Image available under creative commons license from http://www.flickr.com/photos/enrevanche/2991963069/

How to make developers like software metrics

The problem

Managers like metrics. Almost every software project of a given size is characterized by metrics. According to wikipedia,

A software metric is a measure of some property of a piece of software or its specifications. <...> The goal is obtaining objective, reproducible and quantifiable measurements, which may have numerous valuable applications in schedule and budget planning, cost estimation, quality assurance testing, software debugging, software performance optimization, and optimal personnel task assignments.

Typical OO software metrics include things like: "lines of code", "number of modules per 1000 lines of code", "number of comments", "McCabe complexity", "Coupling", "Fan-in" or "Fan-out" of classes. The problem many such general metrics is that they describe (aspects of) the state of your software, but they don't tell you how to go about improving something. At most they give vague hints if any at all: I would hope it's clear to experienced developers that adding lines of code is not something to actively strive for, unless you get a bonus for each line of code you write. Does a high fan-in mean high coupling or rather good code reuse? Does a high number of comments automatically imply they are relevant and up-to-date? It could also be a sign that your codebase is so hard to understand that one needs to include half a manual with each line of code?

An alternative

What can be done to make sure that developers like metrics too? In my opinion, we have to carefully craft our metrics so that they fulfill three basic properties:
  • Single number: it should be possible to summarize each metric in a single, meaningful number. For one specific metric, a higher number must always mean a better (worse) result.
  • Concrete action: for each deterioration it must be unambiguously clear how to go about improving it.
  • Automatable: the metrics must be easy (and preferably very cheap) to calculate automatically. Each developer can be warned automatically if he made a metric significantly worse (or rewarded with a positive report if she improved it) after committing changes to the version control system.

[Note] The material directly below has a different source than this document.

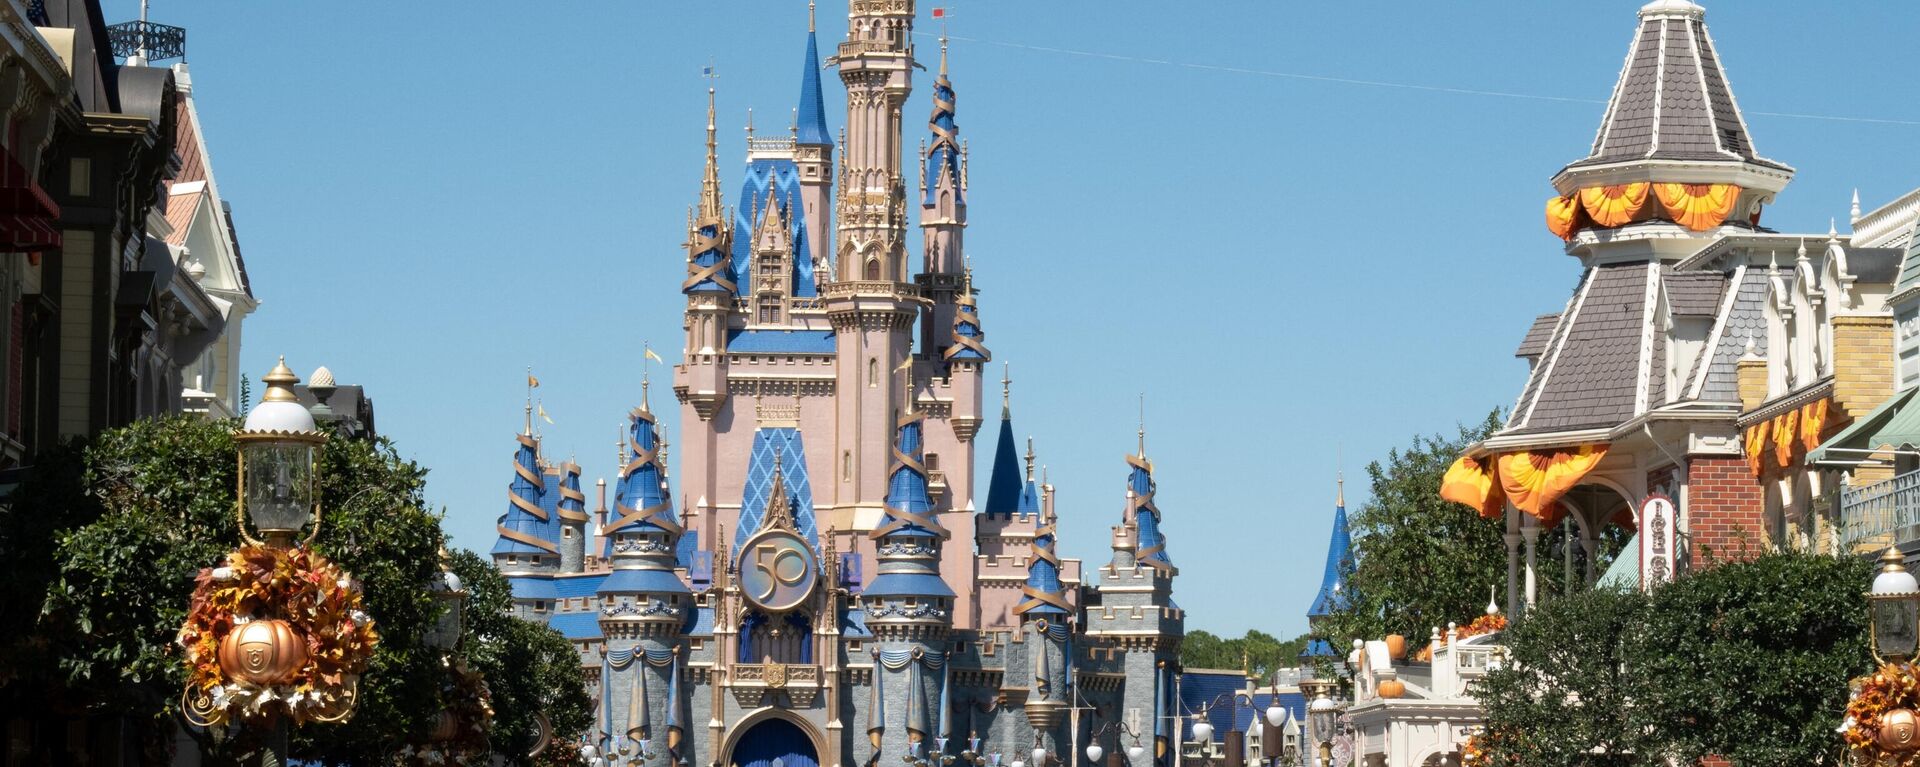 The Magic Kingdom at Walt Disney World on September 30, 2022 in Orlando, Florida.  - Sputnik International, 1920, 02.04.2023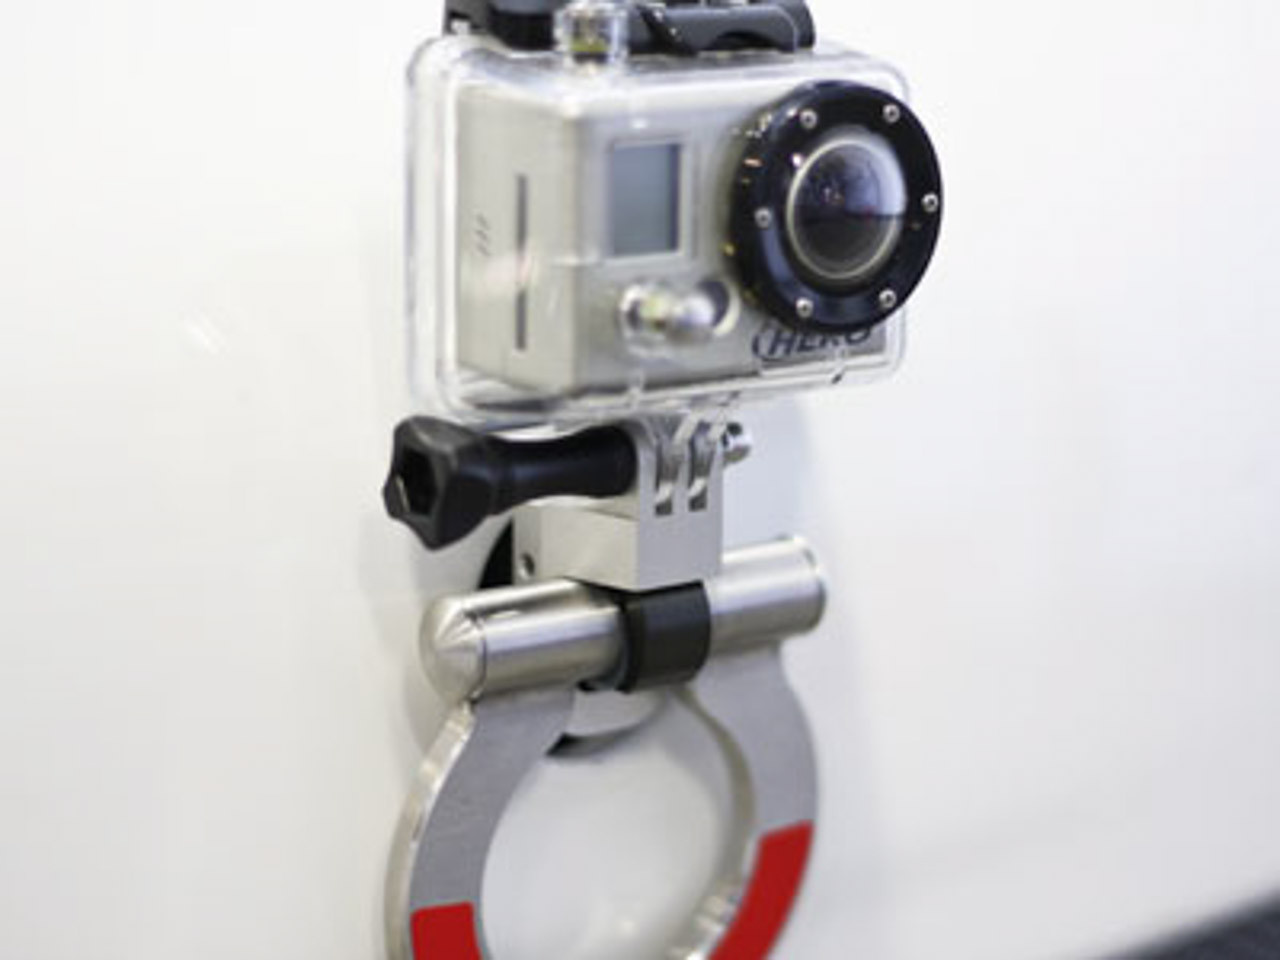 The ultimate camera mount on a Porsche Panamera

You think this sounds like Utopia and probably requires extremely expensive tools? Think again! With minimal efforts one can already attain some very useful application specific metrics.

Examples

Here I list some possible metrics (actually I have implemented all of these and more as a "hobby" project at my day job):

Counting regular expressions

A lot of useful metrics can be built by counting occurrences of regular expressions. Examples:
  • Counting deprecated constructs: While introducing a new framework in a significant piece of software, there will always be a period where your software features a mixture of both old code and new framework code. Count the API calls of the old code. Anyone adding new calls to the old API is warned to use the new API instead.
  • Counting conditions: if you are removing "if (predicate) doSomething;" statements and replacing them with polymorphism, count how often the old predicates are called. Anyone who adds new calls to the predicate can be warned automatically about using the new framework instead.

Monitoring dependencies between projects and coupling between classes

If your software has a layered structure, your will typically have constraints about which projects are allowed to include from which other projects. Count and list all violations by analyzing your include dependencies. I also use include dependencies to get a rough estimation of coupling between classes and impact of adding/removing #includes (by calculating how many extra statements will have to be compiled as a result of the new #include). (Shameless self-plug: you can use my FOSS pycdep tool for this).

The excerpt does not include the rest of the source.